Metode yang tepat untuk mengendalikan vektor, terutama nyamuk dewasa adalah dengan
mengendalikan populasi dan penyebaran vektor. Metodenya terdiri dari dua jenis yaitu natural
control dan applied control.
a. Pengendalian alami (natural control) contohnya adalah pengendalian faktor-faktor
ekologi yang bukan merupakan tindakan manusia antara lain topografi, ketinggian
(altitude), iklim dan musuh alami misalnya burung, cicak, katak dan binatang lain yang
memangsa serangga
b. Pengendalian buatan (artificial/applied control) yaitu termasuk pengendalian lingkungan
(Environmental control) dengan memodifikasi lingkungan sehingga terbentuk lingkungan
yang tidak cocok yang dapat membatasi perkembangan vektor. Cara ini paling aman
terhadap lingkungan karena tidak merusak keseimbangan alam dan tidak mencemari
lingkungan. Contohnya yaitu penimbunan tempat-tempat yang dapat menampung air dan
tempat-tempat pembuangan sampah. Selain itu dengan melancarkan air dalam got yang
tersumbat dapat mengurangi pertumbuhan dan perkembangan nyamuk.
Pengendalian kimiawi yaitu menggunakan bahan kimia yang bisa membunuh nyamuk
dewasa maupun telur atau larva nyamuk. Cara ini dilakukan untuk pengendalian vektor yang
dengan segera mendapatkan hasil dan meliputi wilayah yang luas. Cara ini hanya bersifat
sementara yang dapat menimbulkan pencemaran lingkungan, kemungkinan timbul resistensi
nyamuk dewasa terhadap insektisida. Misalnya dengan metode fogging yaitu menggunakan
insektisida seperti residual spray dan malathion untuk nyamuk dewasa. Tetapi pelaksanaan
fogging khusus untuk nyamuk culex di Indonesia sangat jarang sekali dilaksanakan karena
dianggap tidak efektif menanggulangi nyamuk culex dewasa sebagai vektor penyakit filariasis.

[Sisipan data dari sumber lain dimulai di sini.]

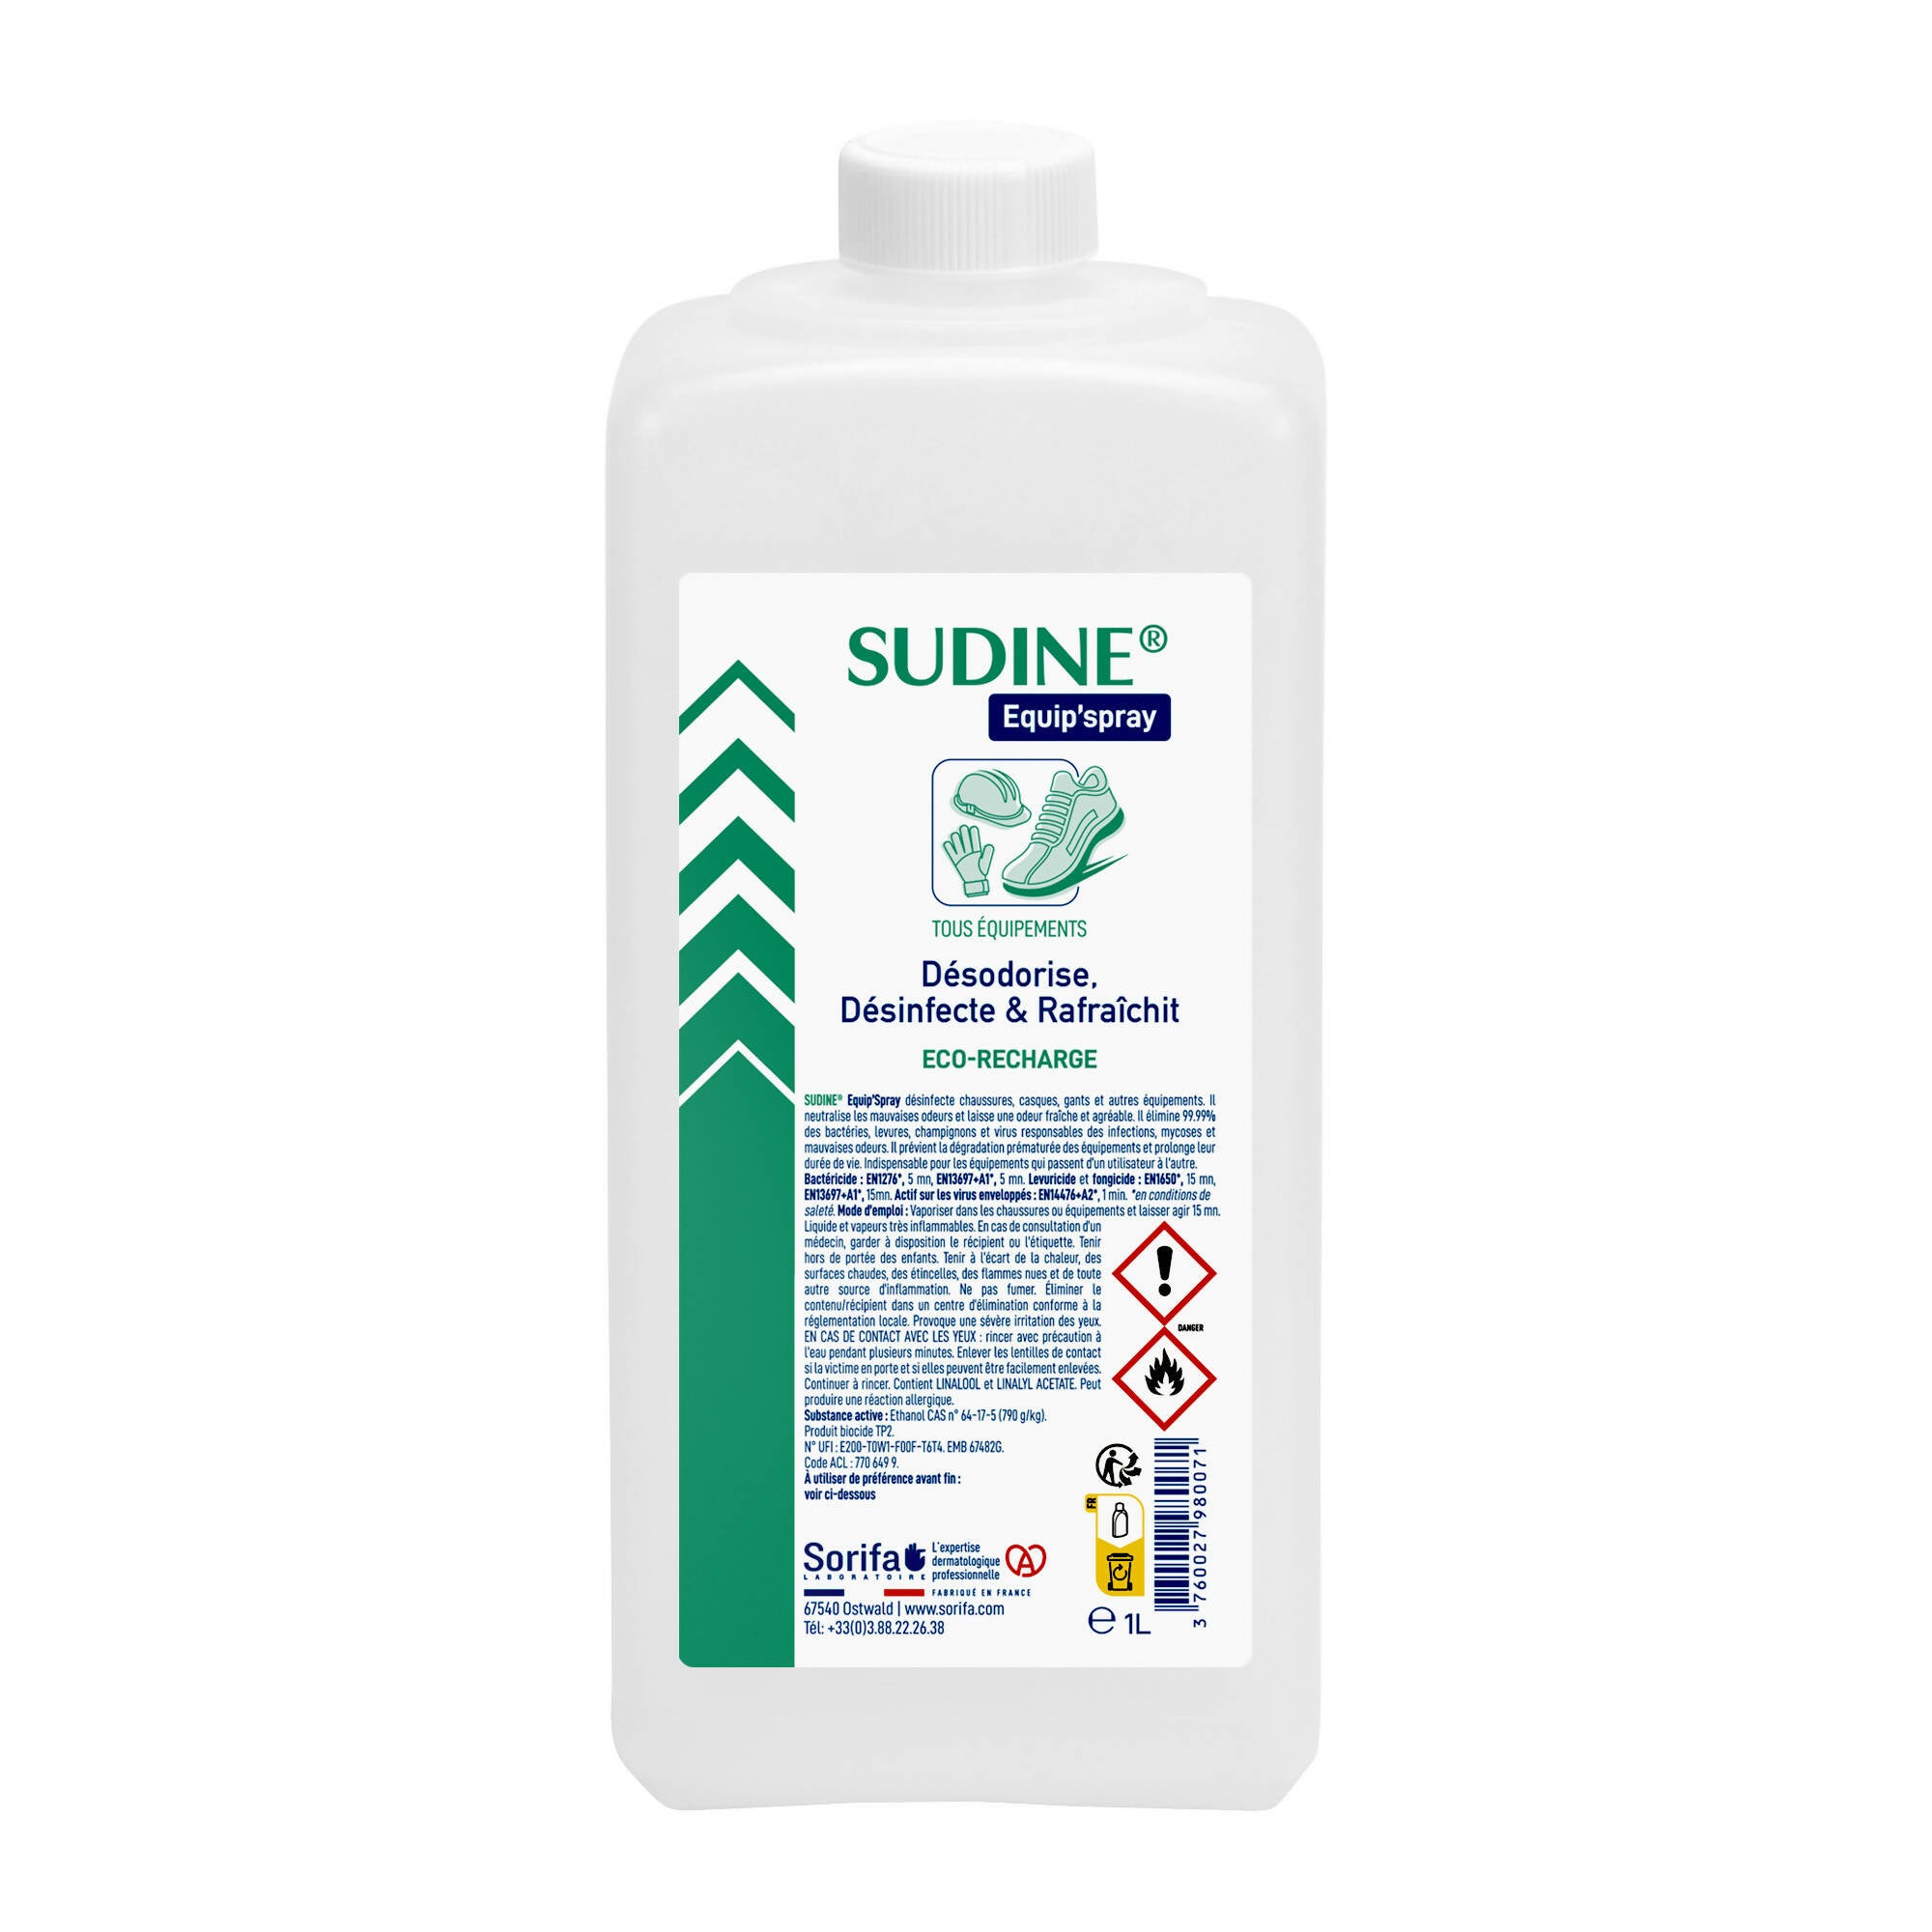 SORIFA - Sudine Equip'spray - Desodoriert, desinfiziert, erfrischt - Schuhe, Helme, Handschuhe, Ausrüstung - 1L Nachfüllung für SUDINE Equip'spray 50 und 125 ml oder für das 1L SORIFA Spray

Pengendalian mekanik dilakukan menggunakan alat yang langsung dapat membunuh,
menangkap, menghalau nyamuk. Menggunakan baju pelindung, memasang kawat kasa di
jendela, merupakan cara untuk menghindarkan hubungan (kontak) antara manusia dan vektor.
Penyuluhan kesehatan masyarakat (PKM) sangat perlu diberiakan kepada masyarakat agar
tetap waspada terhadap penyebaran penyakit yang disebarkan oleh vektor nyamuk yaitu dengan
memberikan pengetahuan serta metode pencegahan yang tepat untuk mengurangi kontak dengan
nyamuk dewasa.
Dalam upaya pengendalian vektor nyamuk terutama nyamuk culex di daerah perkotaan
masih jarang sekali dilaksanakan, karena pemberantasan nyamuk culex hanya dilakasakan pada
daerah yang endemis filariasis. Selain itu pengendalian nyamuk culex sebagi vektor filasriasis
harus melalui pemeriksaan terhadap penderita filariasis.
BAB III
SIMPULAN
Simpulan dari hasil praktikum ini adalah sebagai berikut:
1. Larva nyamuk yang kami amati adalah larva nyamuk aedes aegypti yang merupakan
vektor penyakit Demam Berdarah Dengue (DBD) yang memiliki ciri-ciri tempat bertelur
di air bersih seperti container air buatan yang berada di lingkungan perumahan yang
banyak ditemukan di dalam rumah dan sekitar lingkungan perkotaan, selain itu larva
nyamuk aedes aegypti juga banyak ditemukan di tempat-tempat yang dapat menampung
air hujan seperti kaleng bekas serta lubang pada pohon.
2. Nyamuk culex memiliki kebiasaan untuk menggigit atau mengisap darah hanya pada
malam hari. Pupa culex tidak dapat dibedakan dengan pupa nyamuk lainnya, namun
mempunyai tabung pernapasan yang bentuknya sempit dan panjang,digunakan untuk
pengambilan oksigen.
3. Mengetahui habitat, kebiasaan dan anatomi nyamuk culex maka dapat mempermudah
pengendalian vektor penyebab filariasis yaitu dengan memberantas jentik nyamuk (larva)
melalui metode 3M dan vektor melalui program larvasida dan fogging. Selain itu dengan
mengetahui anatomi nyamuk kita dapat dengan mudah mengidentifikasi dan
membedakan nyamuk culex dengan nyamuk lainnya agar masyarakat terutama daerah
yang belum endemis filariasis dapat lebih waspada terhadap nyamuk culex dengan
mencegah dan memberantas perkembangan nyamuk tersebut.